"Don't do that."

About When I began this blog, not for one minute did I consider whether it should be anonymous or not. Giving it this title aligned it directly with my online id at the time which linked it to my name in place like Metafilter.  But this was never going to be an especially personal blog, largely because I didn't really know why I was starting it in the first place. But at the time it didn't matter.  Relatively speaking blogging was so far out of the mainstream it was effectively anonymous anyway because I was the only person I knew who even understood what the mess of reverse dated text actually was.

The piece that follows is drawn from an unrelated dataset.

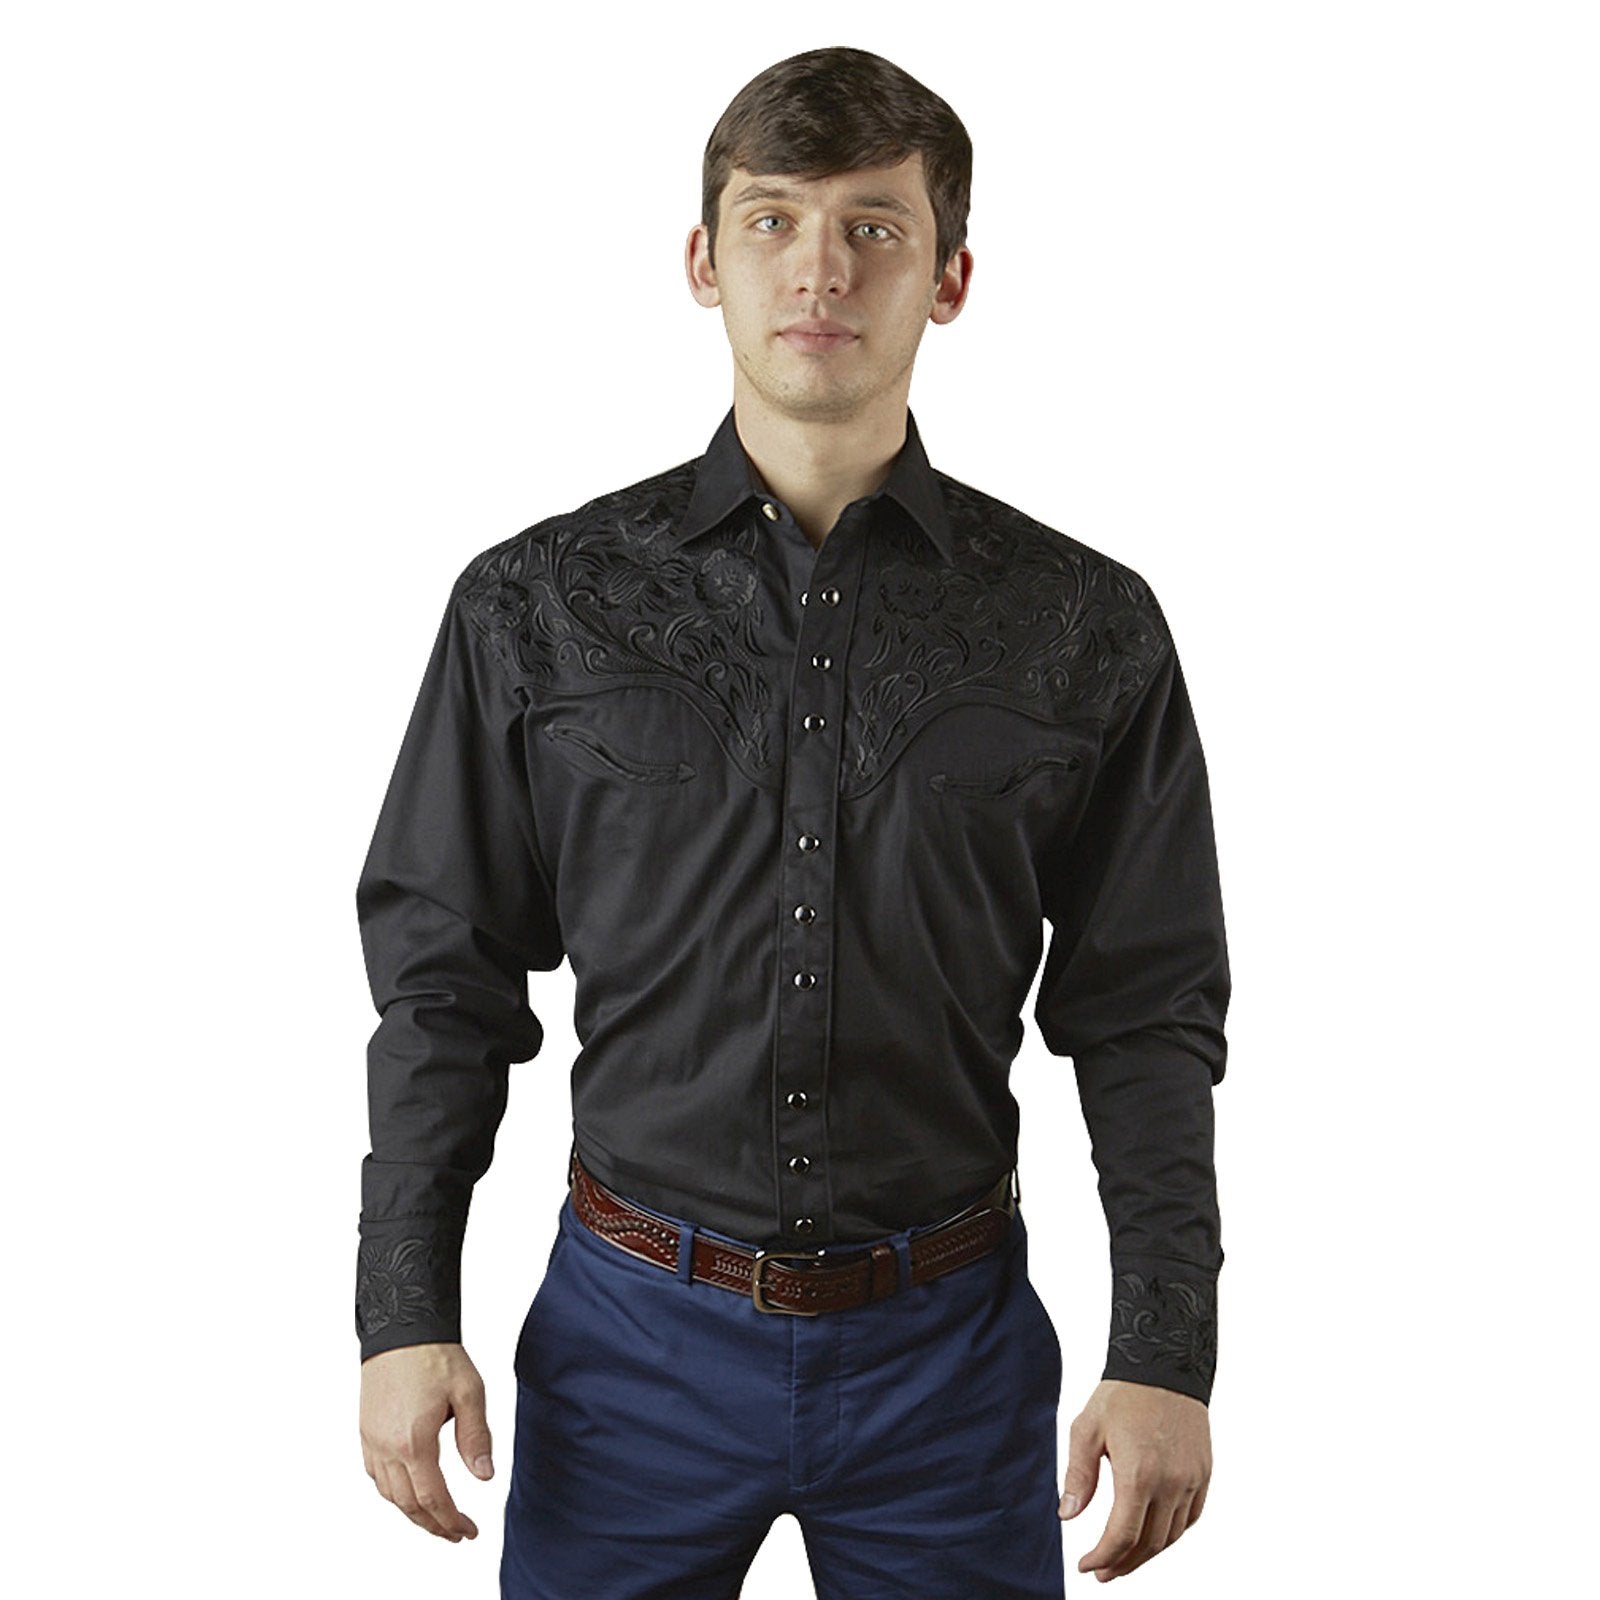 Rockmount Ranch Wear Men's Vintage Western Shirt Floral Embroidery Black Front
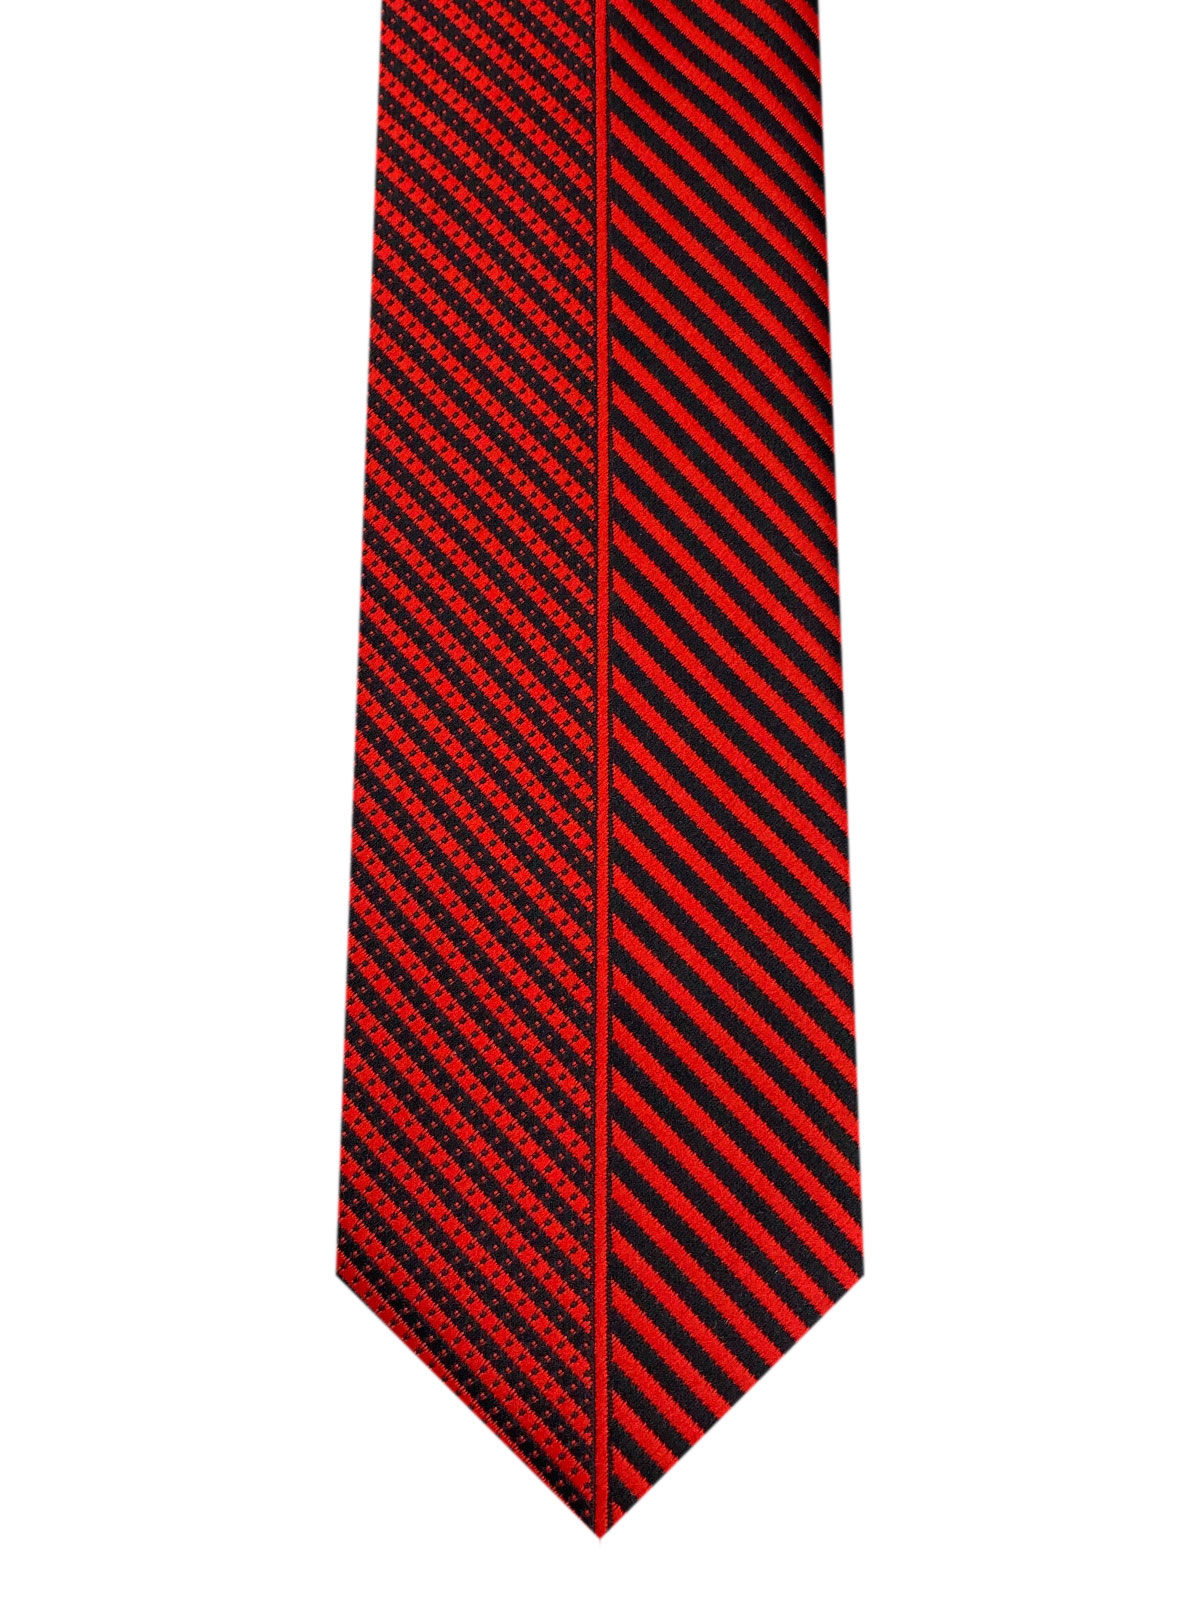 Cravată cu dungi roșu aprins - 10206 - € 14.06 img2

 If I had decided to be anonymous, I'm not sure I would have been very good at it, certainly not as good as Brooke, who managed to evade detection for years, well into the publication of a book based on her blog and even a television adaptation.  On her new blog, she outlines some of the steps she took so that Belle de Jour remained an enigma:
"Are you posting photos? Exif data can tell people, among other things, where and when a picture was taken, what it was taken with, and more. I never had call to use it because I never posted photos or sound, but am told there are loads of tools that can wipe this Exif data from your pictures (here's one)."

"The content of what you post can be a giveaway as well. Are you linking to people you know in real life? Are you making in-jokes or references to things only a small group of people will know about? Don't do that."
All of which said, it's still possible to be relatively anonymous without being actually anonymous.  Most people don't know what my job is.  Which these days isn't necessarily a help, but anyway.  Yes.